Zombies are bumbling idiots. They also love eating human flesh. The perfect recipe for some gore-orientated laughs.


George A. Romero’s critically acclaimed zombie flick finds humour in some of its idiotic zombies, although comedy is not its main aim.

 There is a wry humour in the film as it is set in a shopping mall and it gives us an obvious social comment on our generation of blind consumption and vacuous materialistic obsessions. Not only is it clever, the plot is decent and turns the zombie flick into a legitimate piece of film. It’s also super gory albeit outdated – but that’s all part of its charm. 


One of Peter Jackson’s less well known films that he wrote and directed in 1992, this over the top gore fest is one of the most surreal pieces of film ever made.

It follows a man and his attempt to cover up his psycho mother’s descent into a member of the living dead, which gets out of hand and ends in a bloodbath so ridiculous you can’t help but laugh at the silliness of it all. It also has some of the best slapstick and comedy characters ever, including a gleeful zombie baby and an arse-kicking priest.

“Famously banned films”

These films are widely known for being so controversial that they were banned across the world. These are definitely for the hardcore viewers out there.

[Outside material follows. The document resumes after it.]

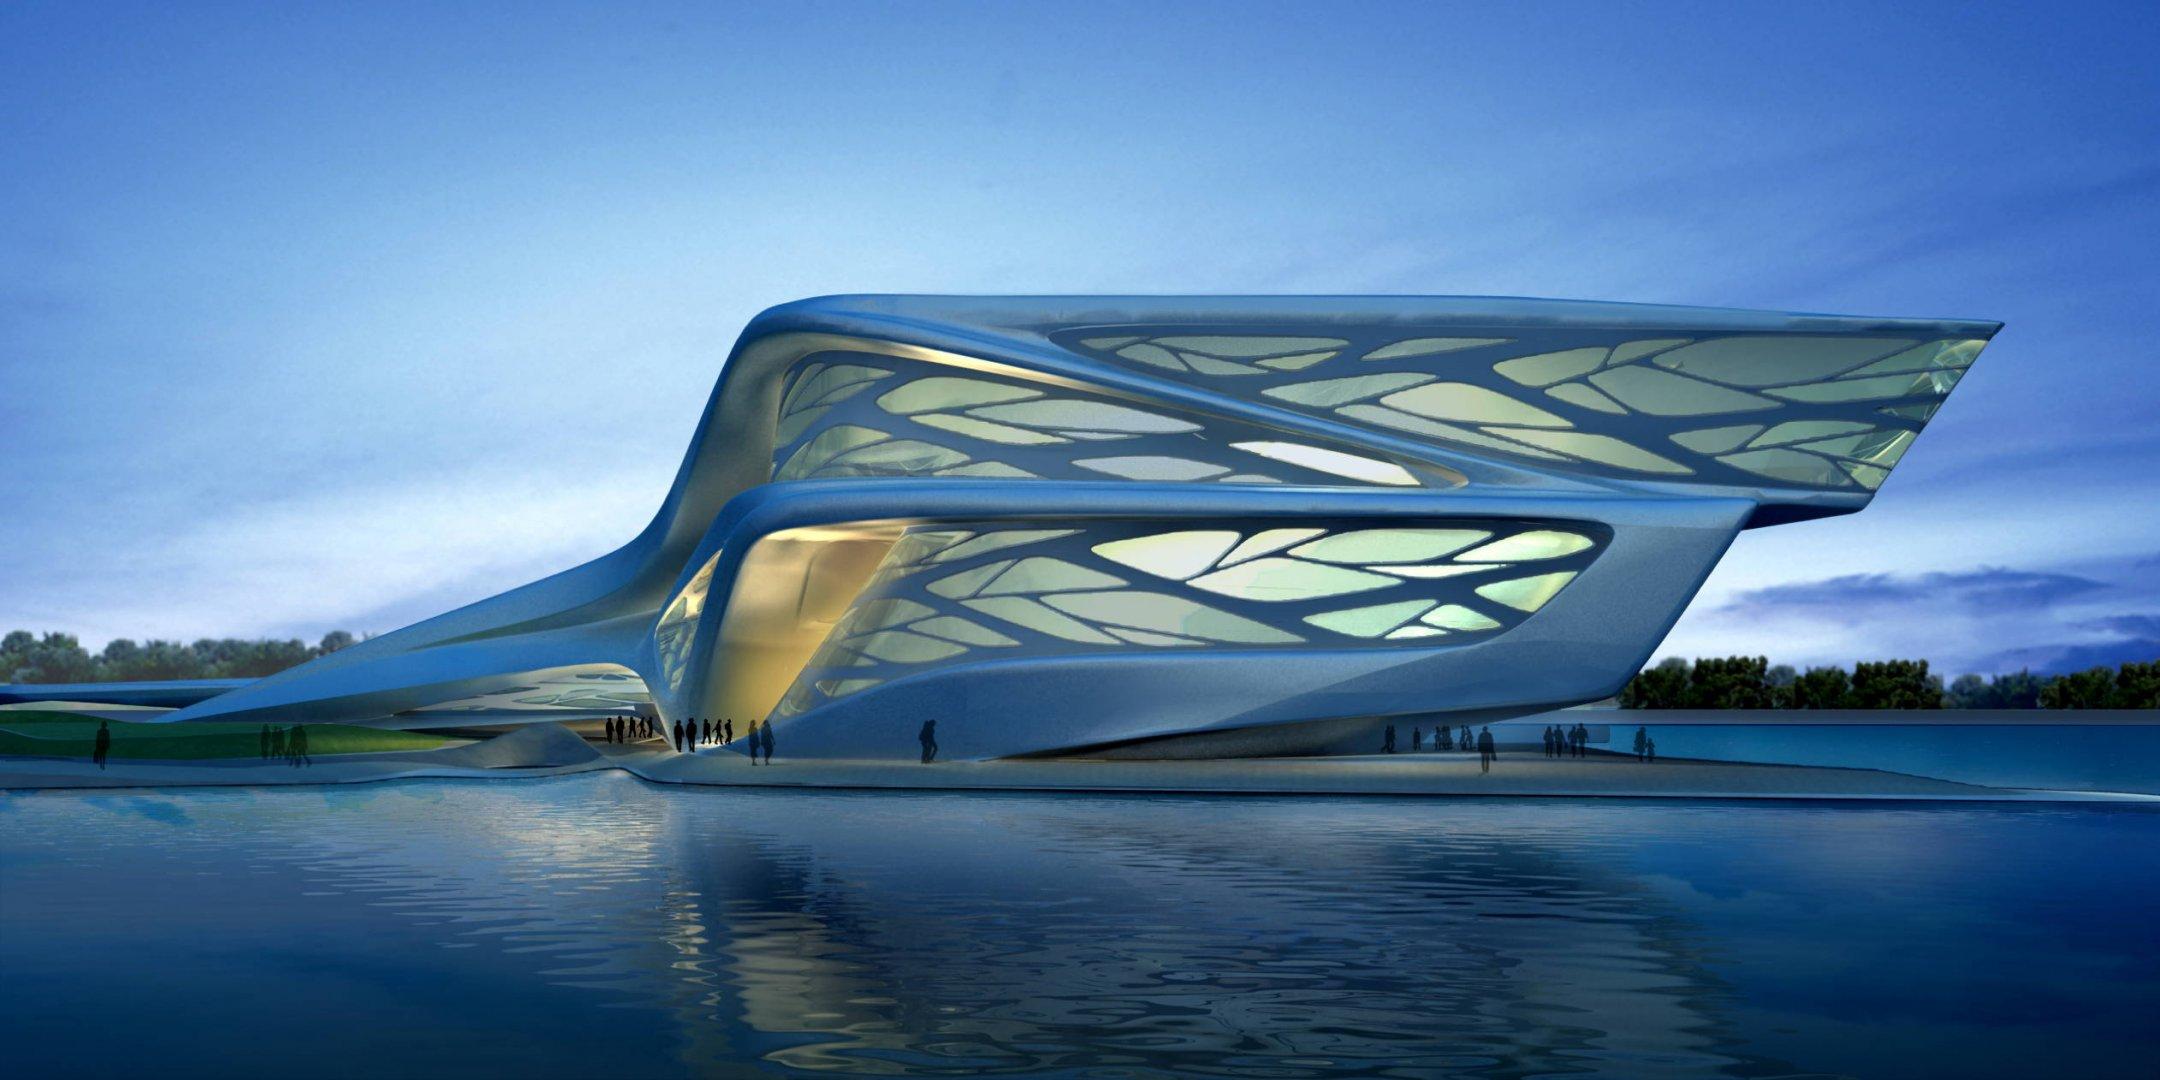 Центр искусств в Абу-Даби, ОАЭ

This 1980 mockumentary film inspired films like the Blair Witch Project with its faux found footage documentary style.

Director Ruggero Deodato was arrested after rumours that crew members had actually died making it. It was a marketing masterstroke - the convincing nature of the film (they did film with a real tribe in the Amazon, after all) and the fact the actors were under contract not to promote the film in order to make it look as though they really were dead, added to its notoriety.

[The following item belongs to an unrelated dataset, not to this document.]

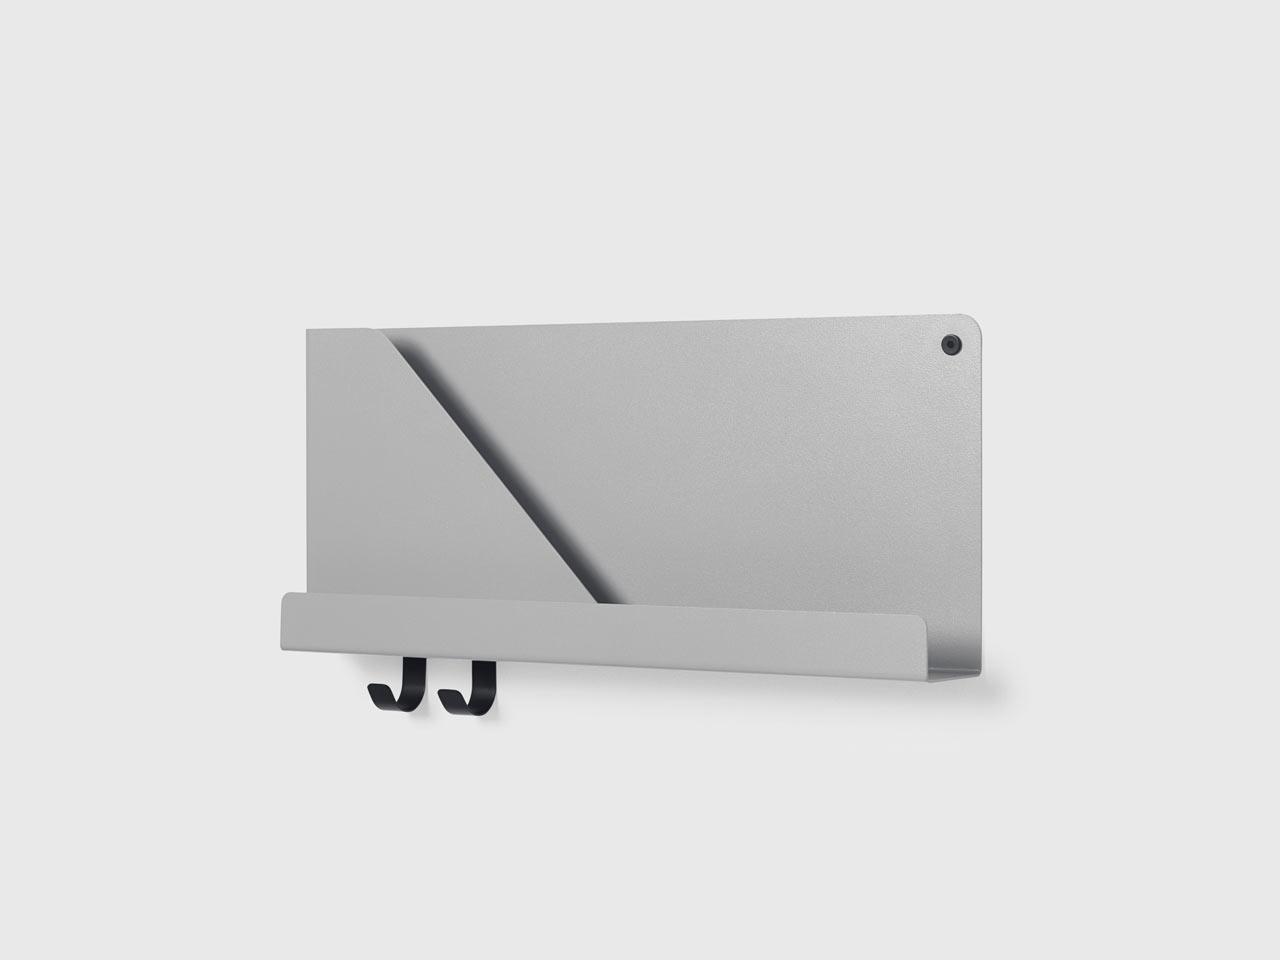 Folded-Shelf-Muuto-Johan-van-Hengel-14

It is worth a watch but remains one of the most unsettling examples of horror ever made.


A film where Japanese high school students are kidnapped and forced to kill each other by the government, and only one person is allowed to survive, was bound to be controversial.

It is incredibly violent and bloody and it is based on the novel by Koushun Takami, the film being directed by Kinji Fukasaku. It is also highly critically acclaimed and has won several awards, including a Japanese academy award for “Popularity Award”.   

It’s basically like an adult version of The Hunger Games, which is weak, child’s play compared to the ‘stuff-of-nightmares’ in Battle Royale.

Beware this list is only for the brave, and a marathon including all the above might require therapy. If you can stomach it – ENJOY!